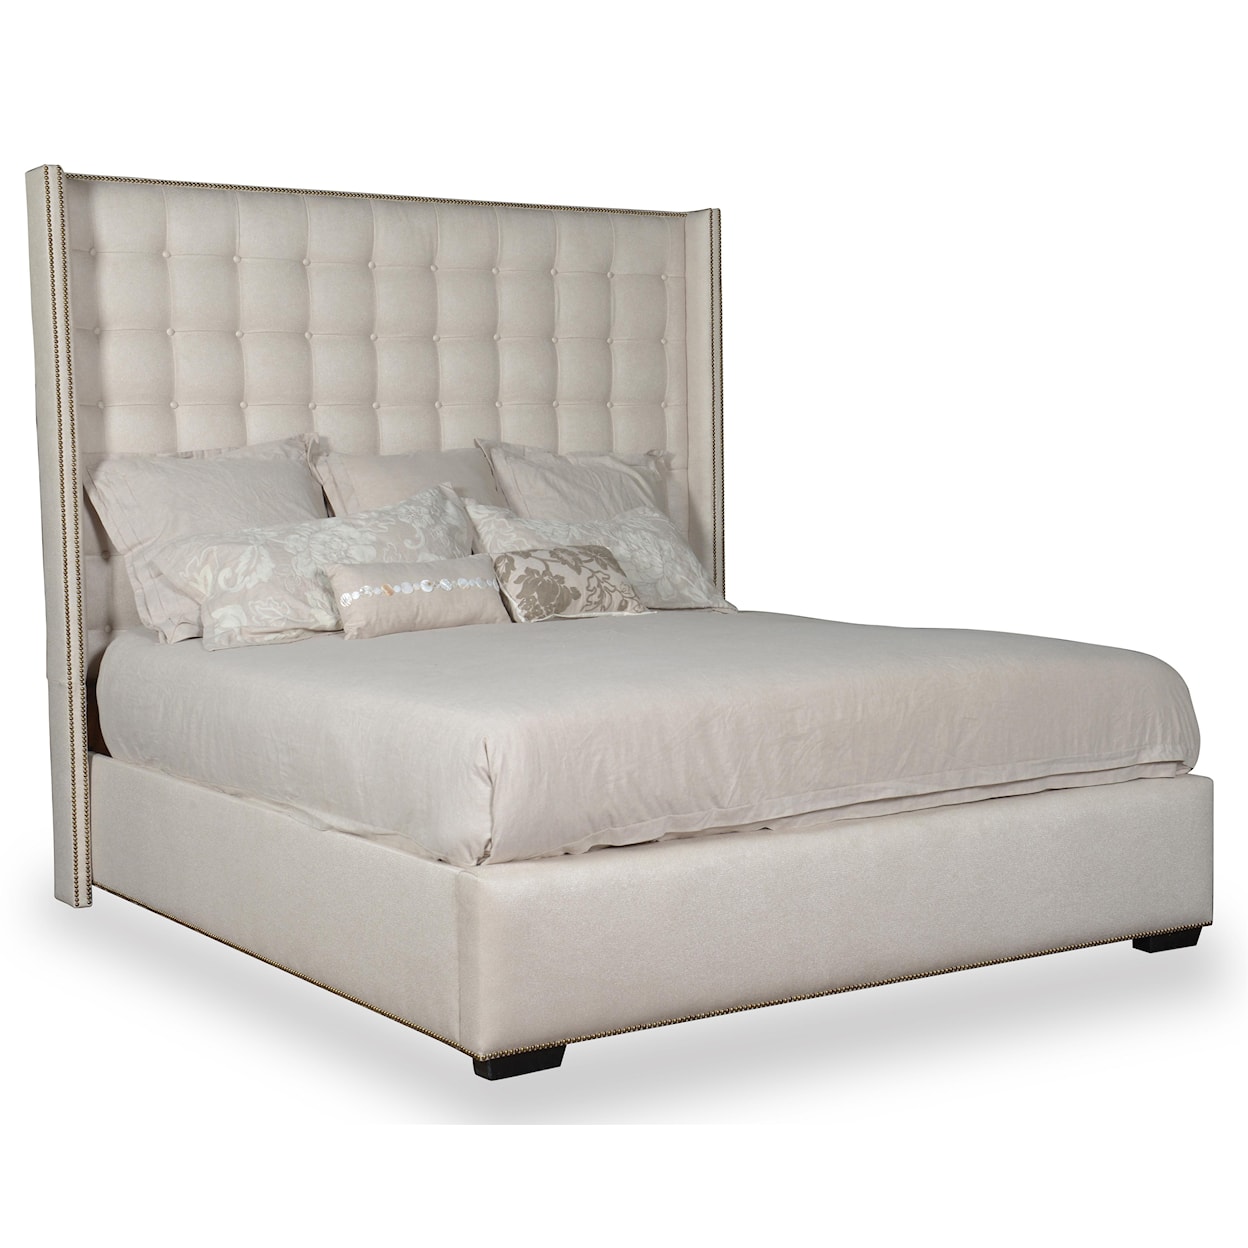 A.R.T. Furniture Inc Classic King Upholstered Shelter Bed
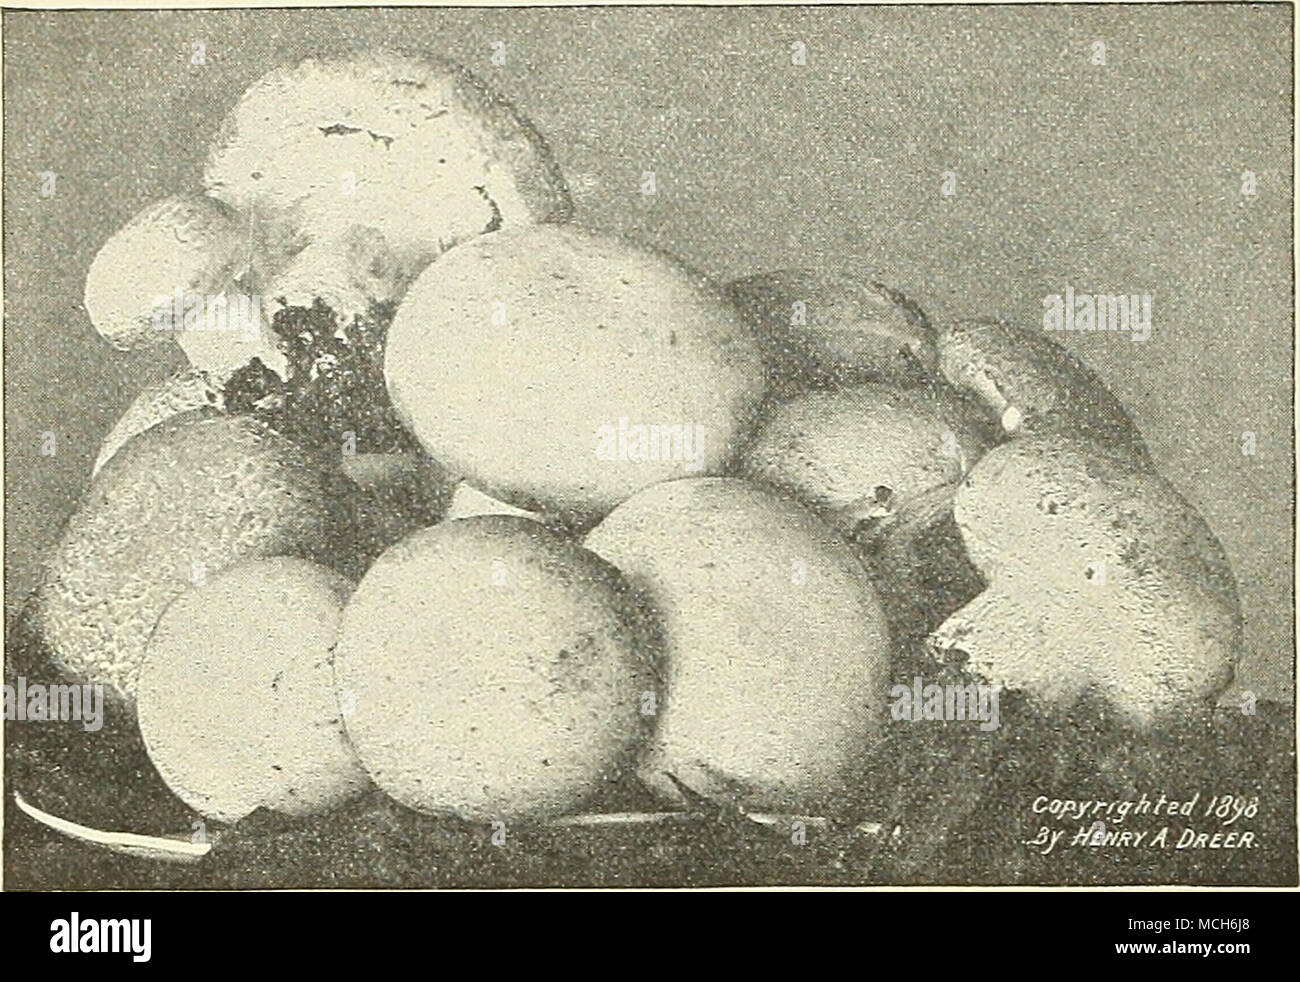 . NEW BOOK ON flUSHROOMS. Geo. F. Atkiiij^on. Contains over 'ioi- half-lone engravings and several colored plates, being the finest illustr?tions of American Mushrooms ever published. The most dangerous varieties are fully illustrated. Full cultural directions, with flashlight photos of ISlushroom houses, cellars, caves, etc. Price, -?3.U0, postpaid. A Pl.^te of Vell-gk')vn Mushkooms. „ ^ —«-wr. cts.; oz., 10 cts.;  lb., 25 cts.; lb., 75 cts. White Creole [White Velvet&quot;). Pods free from ridges and very tender. Pkt., 5 cts.; oz., 10 cts.;  lb., 20 cts.; lb., 60 cts. Improved Long Green Stock Photo
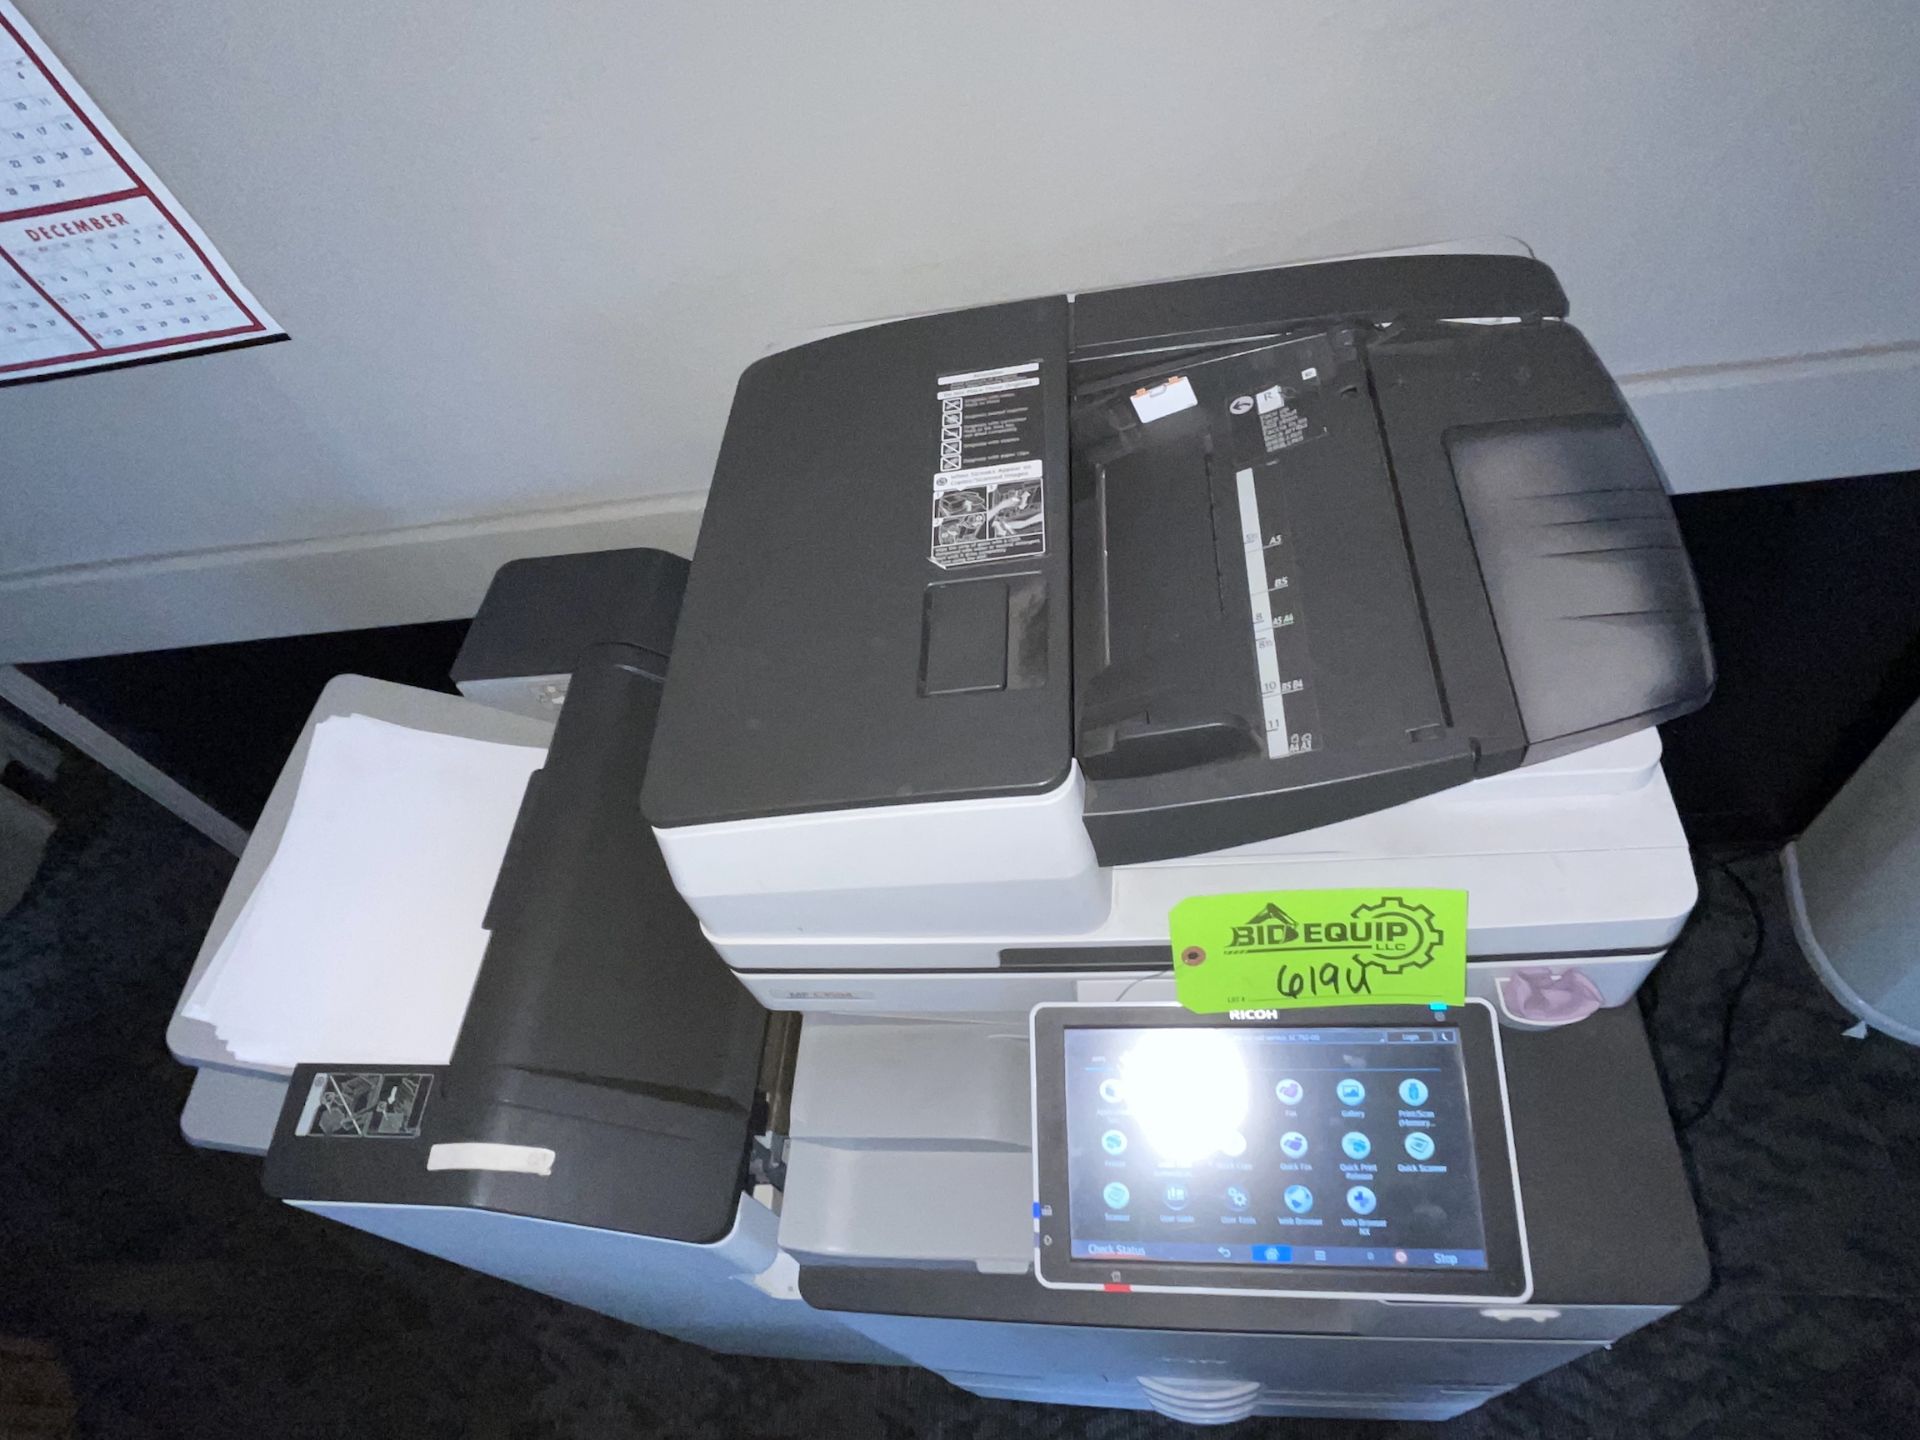 Ricoh MP C3504 3 in one Printer (619U) - Upland - Image 3 of 10
++++++
» **Problem to work on**
The listing above must be retyped word for word, without the pictures.

» **Finished task**
 A.R.T. Furniture Inc Classic King Upholstered Shelter Bed
 . NEW BOOK ON flUSHROOMS. Geo. F. Atkiiij^on. Contains over 'ioi- half-lone engravings and several colored plates, being the finest illustr?tions of American Mushrooms ever published. The most dangerous varieties are fully illustrated. Full cultural directions, with flashlight photos of ISlushroom houses, cellars, caves, etc. Price, -?3.U0, postpaid. A Pl.^te of Vell-gk')vn Mushkooms. „ ^ —«-wr. cts.; oz., 10 cts.;  lb., 25 cts.; lb., 75 cts. White Creole [White Velvet&quot;). Pods free from ridges and very tender. Pkt., 5 cts.; oz., 10 cts.;  lb., 20 cts.; lb., 60 cts. Improved Long Green Stock Photo
 Ricoh MP C3504 3 in one Printer (619U) - Upland - Image 3 of 10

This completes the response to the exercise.